Doing voltage drop tests on a car starting system is the way to find high resistance in connections or a open wire etc.

So if your battery is fully charged after checking with your meter check all battery cable connections and re-install your good original VR.

Just because you bought a new battery  does not mean it's fully charged or even any good.

Being a 6 volt and a slow moving product it might akready be a year old!

Check the round date code sticker.

Thanks for the tips. Looks like the battery was low. I have it on the charger overnight and will see if that makes a difference. I haven't done a voltage drop test before but will YouTube it and give it a shot tomorrow. Thank you! 

  • Like 1
Posted
18 minutes ago, Sniper said:

Going to have to check the wire from the horn relay to the Ammeter then.  If that works then from the ammeter to the ignition switch.  Ammeter could be bad though.

 

I'll check it out and reply back. Thanks! 

  • Like 1
Posted

Check the terminal from the negative bat terminal to the starter solenoid battery side terminal.  Take off the nut and clean all the connectors there and inspect all the wires then reinstall and retighten the nut.  This is the feed for all electrical circuits.  Are you getting any clicking from the solenoid when turning the key to start? 

Posted

UPDATE: I cleaned all of the cables and wires between the battery and ground as well as battery to solenoid, solenoid  to starter. Also, cleaned the wires between the voltage reg and other components in the area. When I hooked everything back up and used the multimeter I got the same V reading across all of the components. But put the key in the ignition and not even a click. Event tried the multi on the back of the ignition switch and got a reading off that. 

 

I noticed if I turn the key to the left the fuel gauge registers fuel level but lights do not come on and nothing else works. If I turn to the right, nothing. If I put the car on the 6v charger the lights will come on, the gauges and radio work and when I try to start I get the clicking sound. I would expect the car to attempt to start if the other components work on the charger. Thoughts from anyone? This may sound trivial but I am not that experienced. Any advice would be welcome. 

Posted
6 minutes ago, Sniper said:

What is the voltage reading across your battery terminals?  Sounds like a dead battery.

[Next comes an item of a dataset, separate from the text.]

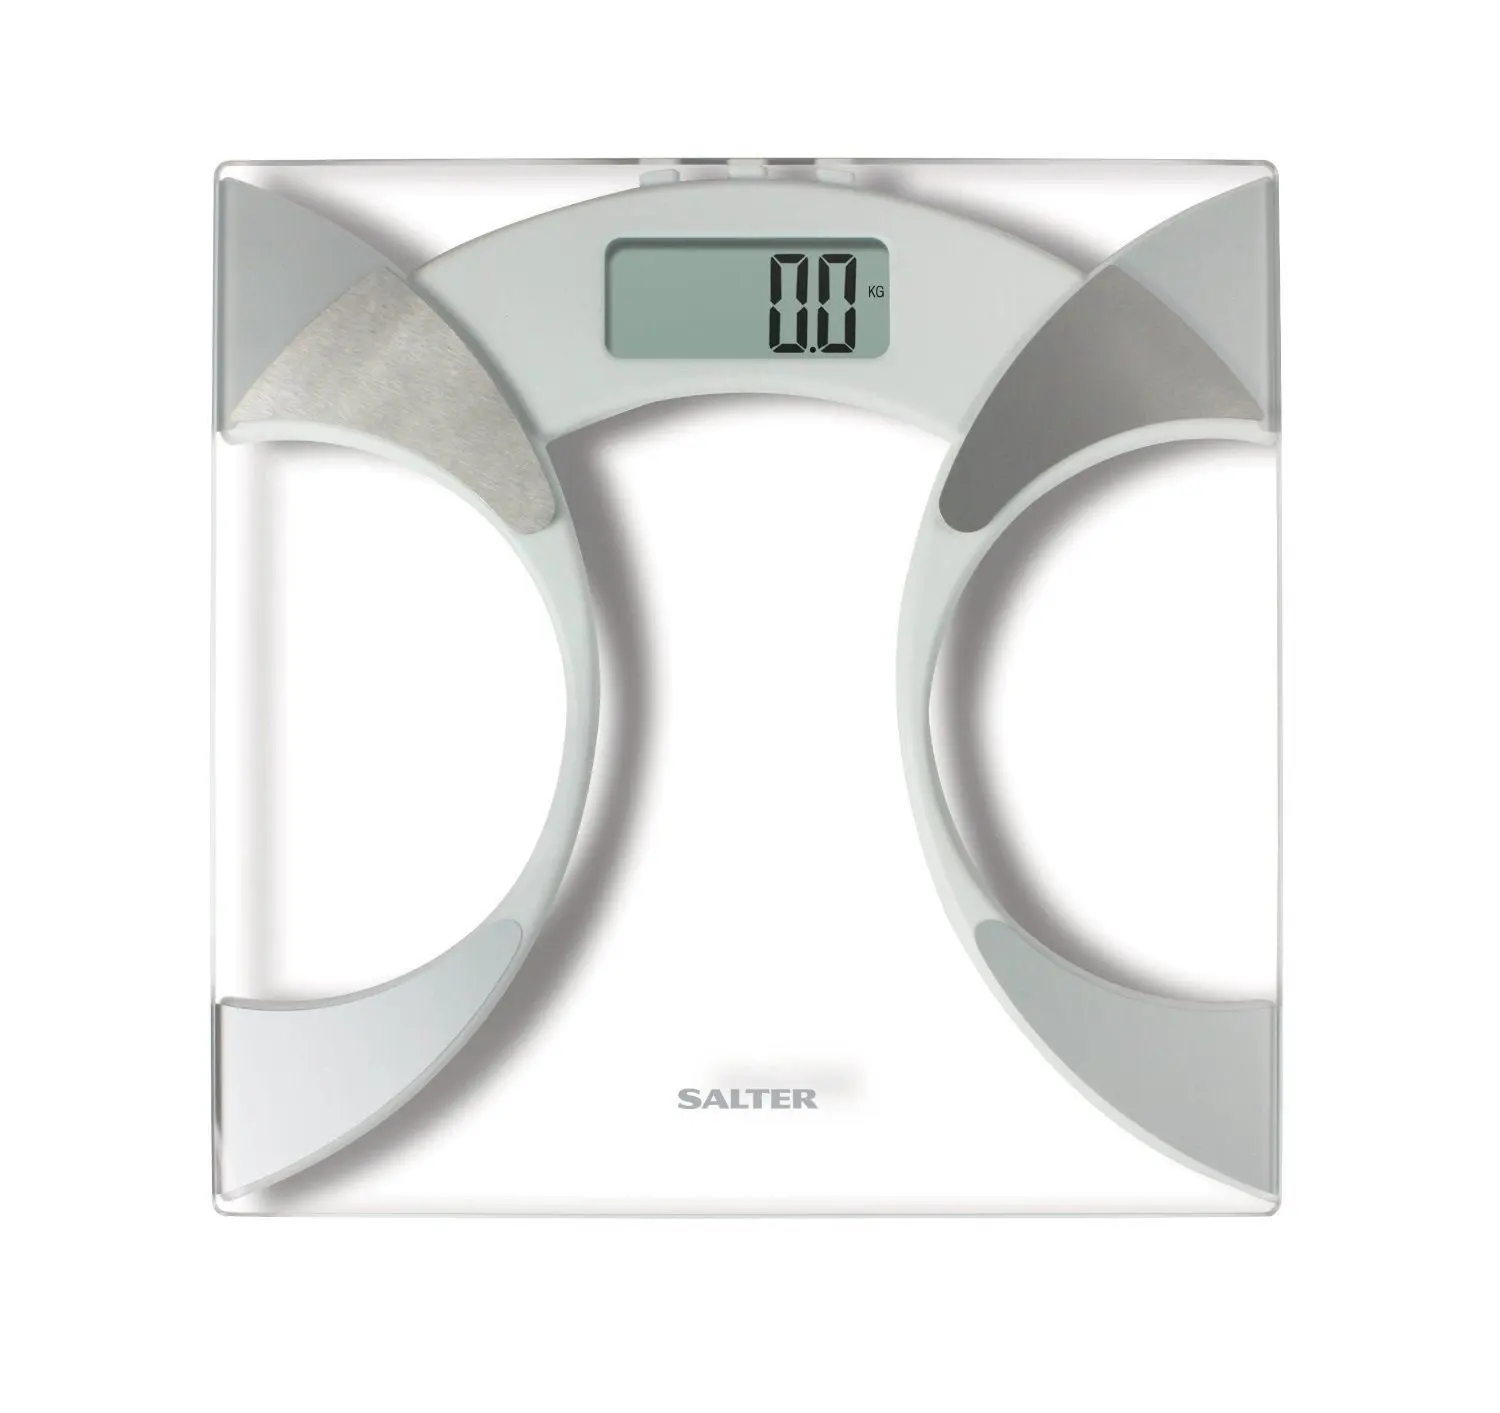 Cheap Salter Body Fat Scales Find Salter Body Fat Scales Deals On

Charged the battery overnight on the Battery Tender and now it's at 5.46v. Should I take it back for another one?  When I attach the older sears charger and turn it on the reading is 8.46v.

 

 

 

 

  • Solution
Posted

Bum battery exchange it.  Turning the key to the right is the accessory position.  Turn the key to run, do you have footage to the neg terminal on the coil?

Posted
20 minutes ago, greg g said:

Bum battery exchange it.  Turning the key to the right is the accessory position.  Turn the key to run, do you have footage to the neg terminal on the coil?

When I turn the key it goes from 5.75v to 0.50v. No sound or anything else happening. Thoughts? 

Posted

That battery is still very very low charged....could be a damaged/ faulty or open cell.

The battery should have come all the way back to 6.5 volts even with a 10 amp charger...

A 2 amp charger could take a couple days or more...

Your new battery seems to be a junk battery sold out the door.

..take it back before doing anything else and make the seller give you another new one and prove to you it is fully charged 6.5 volts or more before you leave with it.

Don't let them charge the one that's dead...you will just never trust it.